Figure 10-3: WinHex search for GIF87

For full regular expressionbased searching, EnCase Enterprise supports GREP-based regular expression parsing in addition to ASCII, Unicode, and hex-based searches. As with WinHex noted previously, the hex searches allow the tool to be used to find binary signatures. Unicode permits searching for characters outside of the standard (and extended) ASCII character set. When conducting international investigations, Unicode support is a must.

EnCase can search image files that have been acquired with or imported into the software and can perform raw (and remote) searches for keywords. With remote searching, multiple drives can be analyzed simultaneously using their local resources in a forensically sound manner. Instead of the entire drive images, only the search hits can then be acquired . This is a key feature for bandwidth-limited remote investigations. An example of the EnCase search feature is shown in Figure 10-4.

Figure 10-4: EnCase Enterprise searching

As noted previously, the two biggest limitations of bitwise searches are speed and non-standard file formats. A bitwise search can take multiple hours (up to days) depending on the size of the drive(s) or images searched. Consecutive searching (searches based on previous search results) can therefore take weeks to complete successfully and cannot be done on the fly. In addition to the speed concern, file formats such as XLS (Excel) and PDF (Acrobat), compressed files, and encrypted files will not be found by a standard bitwise search. Even simple obfuscation techniques such as ROT-13 will foil a bitwise search.

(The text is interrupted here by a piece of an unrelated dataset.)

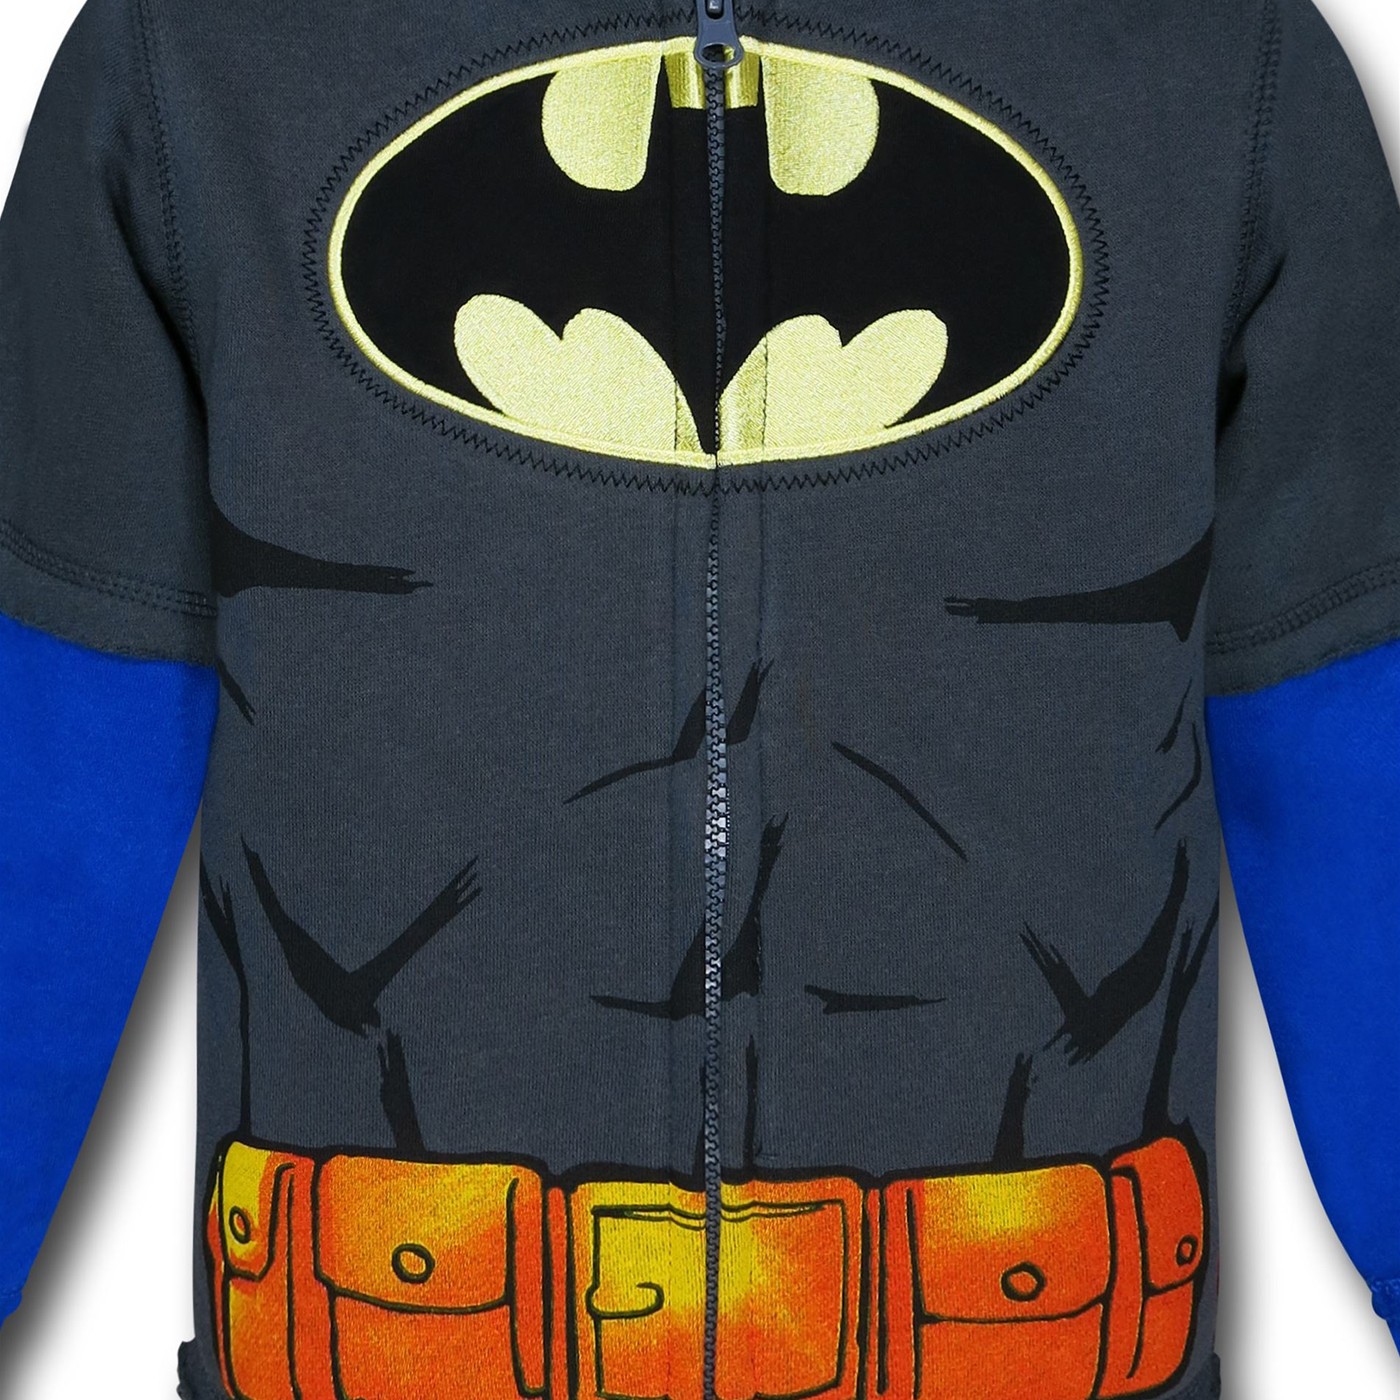 Batman Kids Muscle Costume Hoodie w/Cowl

A final but less likely way in which bitwise searches can fail is due to file boundaries. On a heavily fragmented disk, many files are stored in non-contiguous sectors. Any text on the boundary of one of these sectors (that is, spanning two sectors) will not be accurately identified by most bitwise tools unless the sectors are contiguous. The odds of missing a keyword based on sector boundaries increase as fragmentation increases and are inversely proportional to cluster size. Since a cluster is the smallest amount of information an OS can address, intact files will have all sectors within a single cluster as contiguous.

Search Methodology

Many investigations call for a combination of searching techniques, and the methodology applied to a particular case needs to be context specific. Factors affecting the choice and order of searching include:

• Awareness of suspect. If the suspect is aware that he is under investigation, file-based content may have been deleted, which leans toward bitwise searching. If the content is likely to still be present on the drive intact, index-based searching may be more effective.

• Likely data format. If there is a chance that the content resides in PDF, XLS, zipped , gzipped , or Windows-compressed files, index-based searching will be more thorough. A preliminary bitwise search for the header bytes from these file types and subsequent recovery of deleted files before the index-based search will combine both techniques for the maximum effectiveness.

• Time constraints. For a single keyword or group of keywords, a bitwise search will be slightly faster in most circumstances due to the overhead created by indexing. If subsequent or real-time searches are expected, which is common when performing an investigation interactively with non-IT investigators or Subject Matter Experts, index-based searches will be faster overall.

• Search complexity. When searching for very complex regular expressions (for example, looking for all strings that match a credit card number or phone number), bitwise search tools will have more success. Searches based on synonyms of words, phonetically similar words, and fuzzy spellings of words will be more successful with index-based searches.

All considerations being equal, for ongoing investigations generating an index for subsequent searching can almost always be performed during downtime. Generating an index overnight immediately following an acquisition allows the investigator to decide what type of search to perform the next day. Since the indexing is complete, an index-based search or searches can be done simultaneously with direct batched, bitwise searches running in parallel.